Chapter 8, Problem 8.45P

To determine

(a)

The value of K for which the cavitation will begin at surface.

Answer to Problem 8.45P

The value of K for which the cavitation will begin at surface is $K_{cavitation}=4.4{\text{m}}^{\text{2}}\text{/s}$.

Explanation of Solution

Given information:

Free stream velocity $U_{\infty }=6\text{m/s}$

The value of pressure outside the boundary layer $p_{\infty }=200\text{kpa}$

The density of water at 20° C = $\rho =998\frac{kg}{m^3}$

The vapor pressure of water at 20° C = $p_{vap}=2337pa$

Calculation:

The expression of velocity at the surface is given by

$V_{surf}=-2U_{\infty }\sin \theta +\frac{K}{0.5}$

Putting the values,

$V_{surf}=-2\times 6\sin \theta +\frac{K}{0.5}$

At the stagnation conditions the velocity becomes zero, at the stagnation point the pressure is $p_o=218000pa$ . At $\theta ={270}^o$, applying Bernoulli’s equation.

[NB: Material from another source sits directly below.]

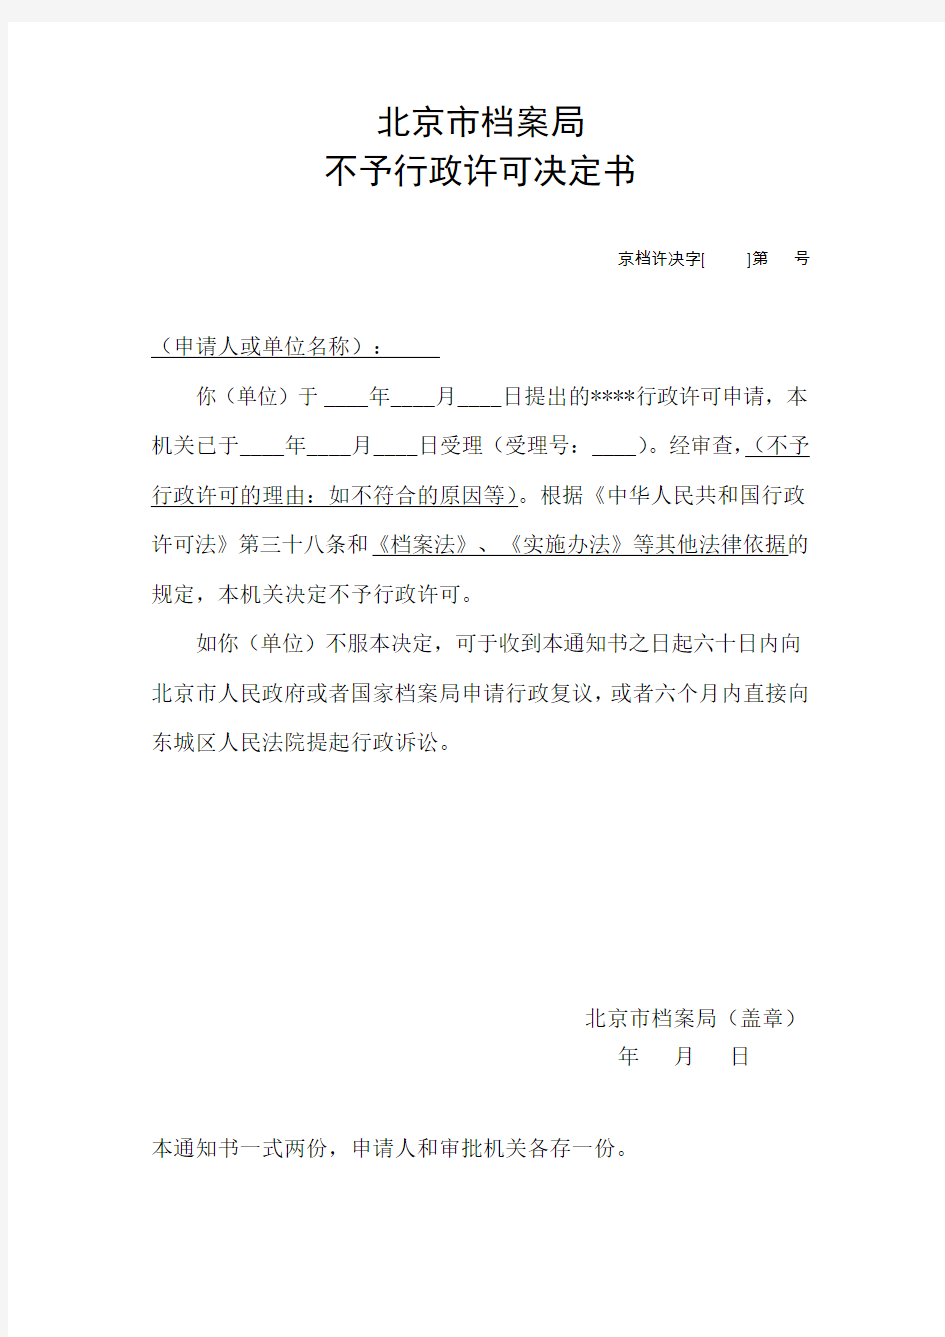 北京市档案局不予行政许可决定书样本

$p_0=p_{vap}+\frac{\rho }{2}{(V_{surf})}^2$

Putting the values in the equation:

$218000=2337+\frac{998}{2}\left(-2\times 6\times \sin \left(270\right)+\frac{K}{0.5}\right)$

From the above equation, the value of K is $K_{cavitation}=4.4{\text{m}}^{\text{2}}\text{/s}\text{.}$

Conclusion:

Thus, the value of K for which the cavitation will begin at surface is $K_{cavitation}=4.4{\text{m}}^{\text{2}}\text{/s}$.

To determine

(b)

The point where the cavitation will begin.

Answer to Problem 8.45P

The cavitation will begin at the point where the pressure is lowest.

Explanation of Solution

A point in the fluid flow where pressure drops to such a value that it becomes equal to the atmospheric pressure is called the point of cavitation. The pressure is lowest at this point in the fluid flow.

In present fluid flow the pressure drops to the lowest value at the bottom most shoulder. The value of angle at this point is $\theta ={270}^o$.

To determine

(c)

The place of stagnation points.

Answer to Problem 8.45P

The stagnation points lie at two locations ${\theta }_{stag}={47}^o\text{and}{133}^o$

Explanation of Solution

Given information:

Free stream velocity $U_{\infty }=6\text{m/s}$

The value of pressure outside the boundary layer $p_{\infty }=200\text{kpa}$

The density of water at 20° C = $\rho =998\frac{kg}{m^3}$

The vapor pressure of water at 20° C = $p_{vap}=2337pa$

Calculation:

The expression of velocity at the surface is given by:

$V_{surf}=-2U_{\infty }\sin \theta +\frac{K}{0.5}$

Putting the values,

$V_{surf}=-2\times 6\sin \theta +\frac{K}{0.5}$

At the stagnation conditions the velocity becomes zero, at the stagnation point the pressure is $p_o=218000pa$ . At $\theta ={270}^o$, applying Bernoulli’s equation:

$p_0=p_{vap}+\frac{\rho }{2}{(V_{surf})}^2$

Putting the values in the equation:

$218000=2337+\frac{998}{2}\left(-2\times 6\times \sin \left(270\right)+\frac{K}{0.5}\right)$

From the above equation, the value of K is $K_{cavitation}=4.4{\text{m}}^{\text{2}}\text{/s}$

Now, from the value of K, the location of stagnation points can be found from the following equation:

$\sin {\theta }_{stag}=\frac{K}{2U_{\infty }a}$

Now, putting values in the above equation gives:

$\sin {\theta }_{stag}=\frac{4.4}{2\times 6\times 0.5}=0.732$

This gives two values of angle ${\theta }_{stag}={47}^o\text{and}{133}^o$.

Conclusion:

Thus, stagnation points lie at two locations ${\theta }_{stag}={47}^o\text{and}{133}^o$.